There can be endless questions that will fill your mind if everything is not laid out and closed. In stepping back, you have to be careful not to let vain thoughts linger. You have to keep asking God for wisdom and guidance of thought since your mind is still open due to the fact that during this step, there are still things left unclosed.
It’s also during this step that you need to think: “What are questions in my mind that needs answering or closing up?” list it down, remember it but don’t let it get to you. You’ll need to bring those questions up in step 2.
Step forward – face it
Some people get stuck in Stepping back. They are too afraid to go on and face it. They are cowards and leave the still-open-relationship hanging. The consequences are that the wounds will never heal and the questions will never leave their mind.
Just as the tormenting spirit has plagued Saul, so will it be with you when you do not face these pending issues in your life. It can be a source of bitterness, of foolishness and hate, of slander and gossip, of cowardice and malice, and the list goes on and on…
And just as likely, some people do not step back and skip to just facing the matter at hand. This can cause to unnecessary words that can lead to pain, regret and sorrow. Step 1 is critical before moving on to step 2. You have to process everything first and give room for wisdom before taking action. Plan ahead because when you speak out words, it isn’t yours anymore.
You have to ask God for courage and face it. Talk with the person. Ask the questions you need to ask. Get it off your chest in wisdom and not in emotion. Settle on an agreement. Ask for forgiveness and pardon – and likewise, give him/her yours.

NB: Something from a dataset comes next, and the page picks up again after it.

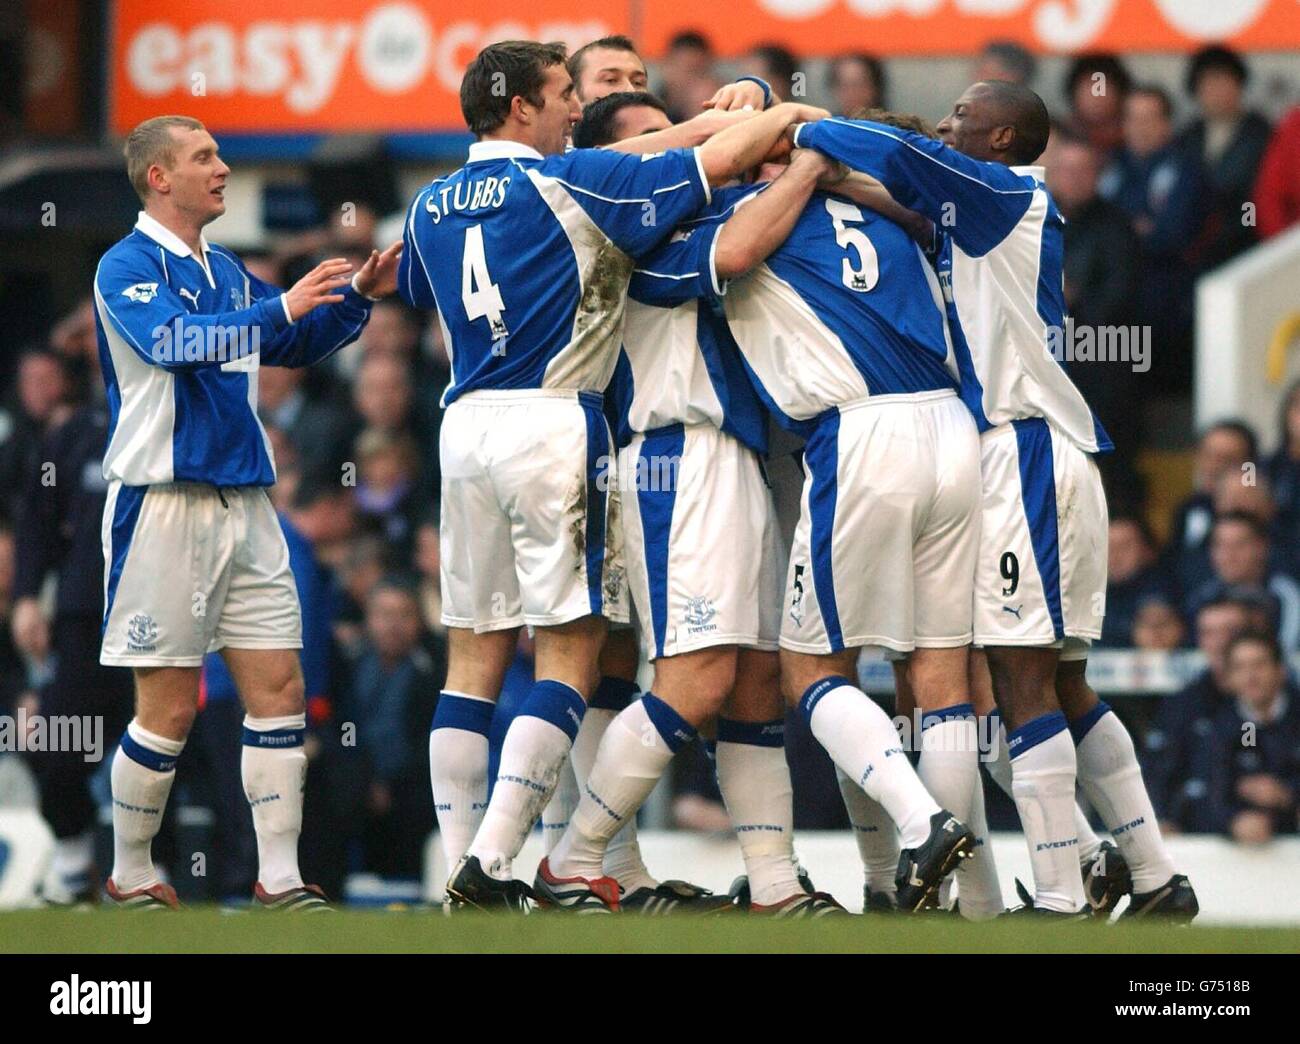 Everton's David Weir (number 5) is smothered by teammates after equalising against Spurs during their Premiership clash at White Hart Lane, London, today, Saturday 19 January 2002. It ended a 1-1 draw. Stock Photo

Lift it up to God. Pray – yes, if possible, the both of you.
Once that is all laid out and settled then you’re ready for step 3.
Move on – leave it behind
Some people skip to moving on without stepping back nor facing it. That is dangerous. Moving on without stepping back and facing the issue is selfish and cowardice. It is leaving the other person behind without even trying to understand what’s going on that person’s mind. It is trying to flee from what hurt could arise from facing the matter at hand. And unsolved matters will always remain hanging in your life – it will make lifting it up to God harder for you.
Once all is said and done and you’re sure you’ve left nothing hanging, leave it behind. Drop the matter. You’ve already given it up to God. Don’t take it back from Him – that is dishonoring God with your decision.
Can you still be friends? Well that is the ideal. It will always be great if you can remain friends. But sometimes it is wiser not to be if it will trigger unnecessary emotions. Especially if you know that you might get attached to that person again.
Ask God for discernment if you should still be friends with the other person or if it will be wiser not to be. Let God do His Work. Give yourself some time. No, not just any time – time with God.
We are first brothers and sisters in Christ
Do not let the breakup pull you down in your walk with God. Do not let it affect you as a witness of Christ. Instead, use it to pull other people up. To encourage. To give wisdom. To teach. Use it for the glory of God – not for pride and enmity.
We are first brothers and sisters in Christ and our responsibility is of such love. Only after that are we men and women looking for companions. Remember that.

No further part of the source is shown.